La haute juridiction a bien autorisé les tribunaux fédéraux à intervenir contre la loi, mais les cliniques et les médecins qui pratiquent des avortements au Texas restent sous la menace de poursuites onéreuses s'ils interviennent au-delà de ce terme.
Avec cette décision, la solide majorité conservatrice de la Cour signale ne pas être disposée à défendre le droit à l'avortement, qu'elle pourrait même restreindre dans quelques mois dans un autre dossier émanant du Mississippi.
Notant que "les droits des femmes sont attaqués dans plusieurs Etats", le président démocrate Joe Biden s'est dit, dans un communiqué, "très inquiet" de la décision de la Cour suprême de laisser la loi du Texas en place.
"C'est cruel, injuste, inhumain", a pour sa part commenté Amy Hagstrom Miller, présidente du Center for Reproductive Rights, qui gère quatre cliniques dans cet Etat conservateur du Sud américain: "nos équipes sont désespérées, effrayées, découragées" et "nos patientes ne comprennent pas pourquoi on leur refuse les soins dont elles ont besoin".
"GRANDE VICTOIRE", a au contraire tweeté le procureur général du Texas, le républicain Ken Paxton, qui comme d'autres opposants à l'avortement s'est réjoui que la loi reste en vigueur. "C'est une victoire pour le Texas et le mouvement pro-vie", a renchéri le sénateur républicain de l'Etat Ted Cruz.
Lire aussi : Etats-Unis: la justice rétablit la loi anti-avortement du Texas
Le Texas interdit d'avorter, même en cas de viol ou d'inceste, dès que les battements de coeur de l'embryon sont perceptibles, à environ six semaines de grossesse, ce qui correspond aux Etats-Unis à quatre semaines après la conception, quand la plupart des femmes ignorent encore être enceintes.
Les tribunaux fédéraux ont invalidé dans le passé une dizaine de lois comparables parce qu'elles violent la jurisprudence de la Cour suprême: celle-ci a reconnu en 1973, dans son arrêt historiqiue "Roe V. Wade", et réaffirmé en 1992, le droit des Américaines à avorter tant que le foetus n'est pas viable, soit vers 22 à 24 semaines de grossesse.
Mais le Texas a imaginé un dispositif exceptionnel: sa loi confie "exclusivement" aux citoyens le soin de faire respecter cet interdit, en les encourageant à poursuivre au civil les personnes et organisations qui aident les femmes à l'enfreindre contre la promesse de 10.000 dollars de dédommagement.
Faute de responsable officiel à qui ordonner de ne pas appliquer la loi, ce mécanisme complique l'intervention de la justice fédérale.
Saisie en urgence au moment de l'entrée en vigueur du texte, la Cour suprême, qui compte six magistrats conservateurs sur neuf, s'était abritée derrière ces "questions nouvelles de procédure" pour rester à l'écart.
Son inaction, perçue comme le signe de l'influence des trois juges nommés par Donald Trump, avait été vivement critiquée à gauche. La bataille judiciaire s'était ensuite intensifiée, forçant la Cour à rouvrir le dossier.
Finalement, huit de ses membres ont identifié vendredi une poignée de responsables des services sanitaires de l'Etat, chargés de donner les licenses aux médecins et cliniques, pouvant être la cible d'actions en justice.

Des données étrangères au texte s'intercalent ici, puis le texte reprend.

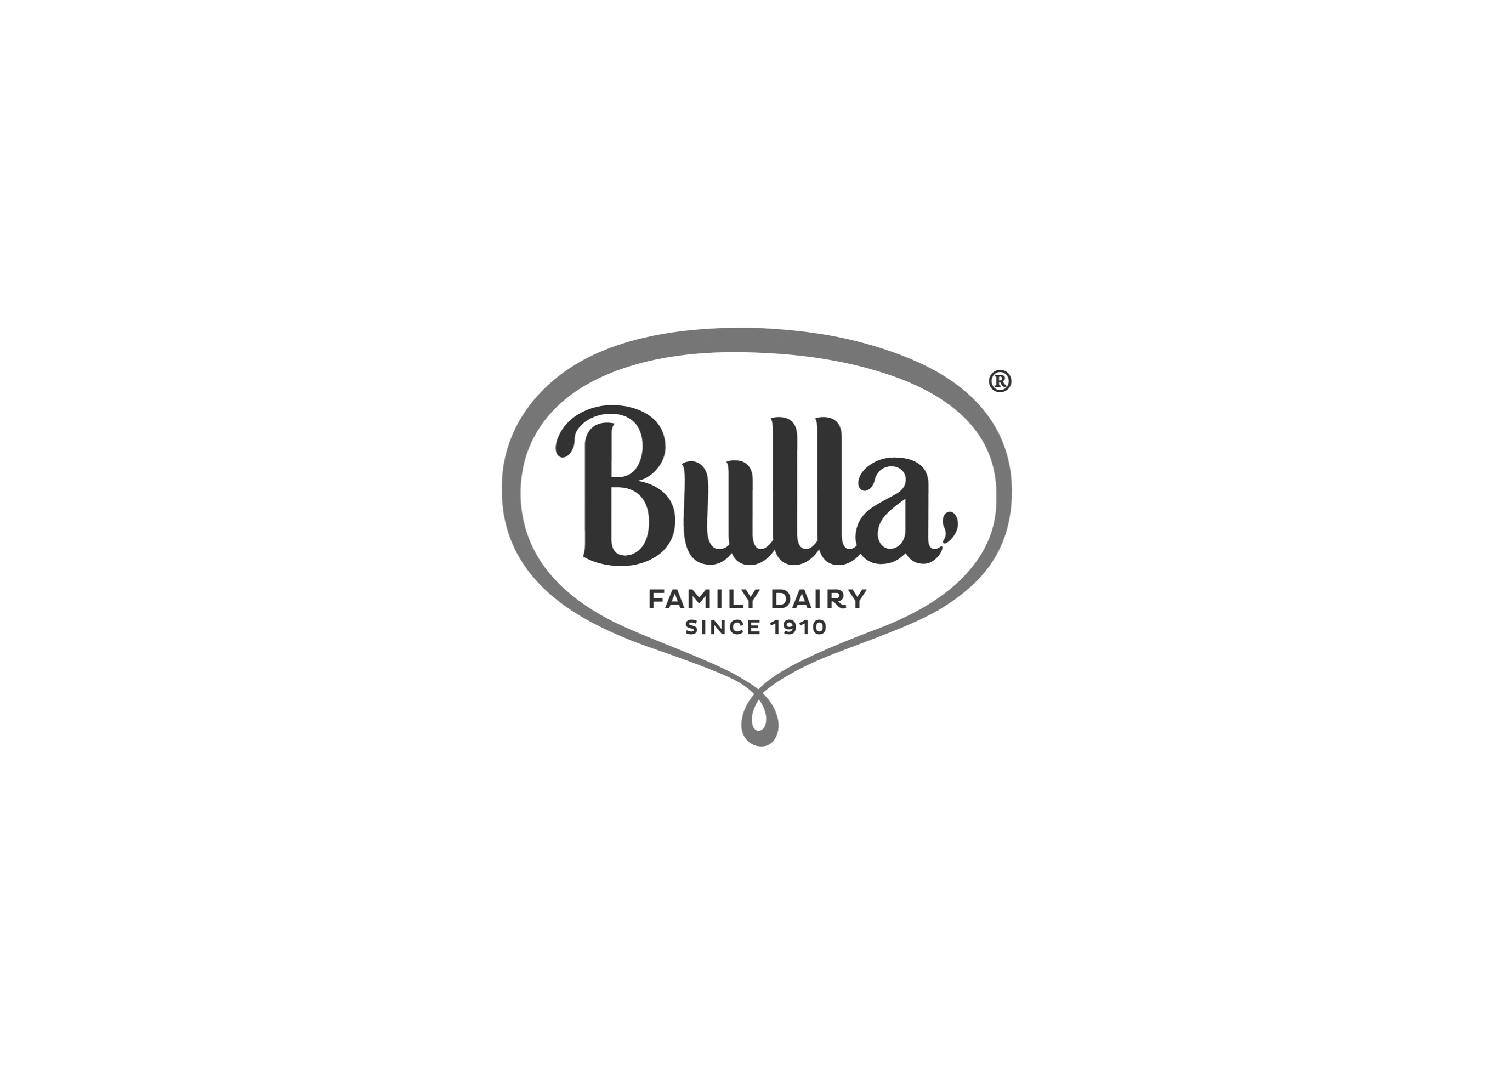 Bulla-01.jpg

Lire aussi : Parlement: accord sur la libéralisation partielle de l’avortement
L'arrêt majoritaire porte uniquement sur des questions techniques et ne mentionne à aucun moment le droit à l'avortement.
Dans un texte distinct, le chef de la Cour John Roberts, un conservateur modéré, et les trois magistrats progressistes ont souhaité que les tribunaux bloquent rapidement la loi "contraire à la Constitution", "compte tenu de ses effets sinistres et persistants".
"La Cour aurait dû mettre un terme à cette folie il y a plusieurs mois", a ajouté la juge progressiste Sonia Sotomayor. "Elle s'est trompée à l'époque et elle se trompe encore aujourd'hui", en la laissant en vigueur.
Ces désaccords entre les neuf sages ont également été perceptibles lors de l'examen, le 1er décembre, d'une loi du Mississippi qui interdit d'avorter après 15 semaines de grossesse.
Lors de l'audience, la majorité conservatrice a semblé prête à utiliser ce dossier pour revenir sur l'arrêt "Roe v. Wade" qui, près de 50 ans après, continue de diviser fortement les Etats-Unis.
Si la Cour, qui rendra sa décision en juin, décidait de l'annuler, la moitié des 50 Etats américains devraient, à plus ou moins court terme, interdire les avortements sur leur sol.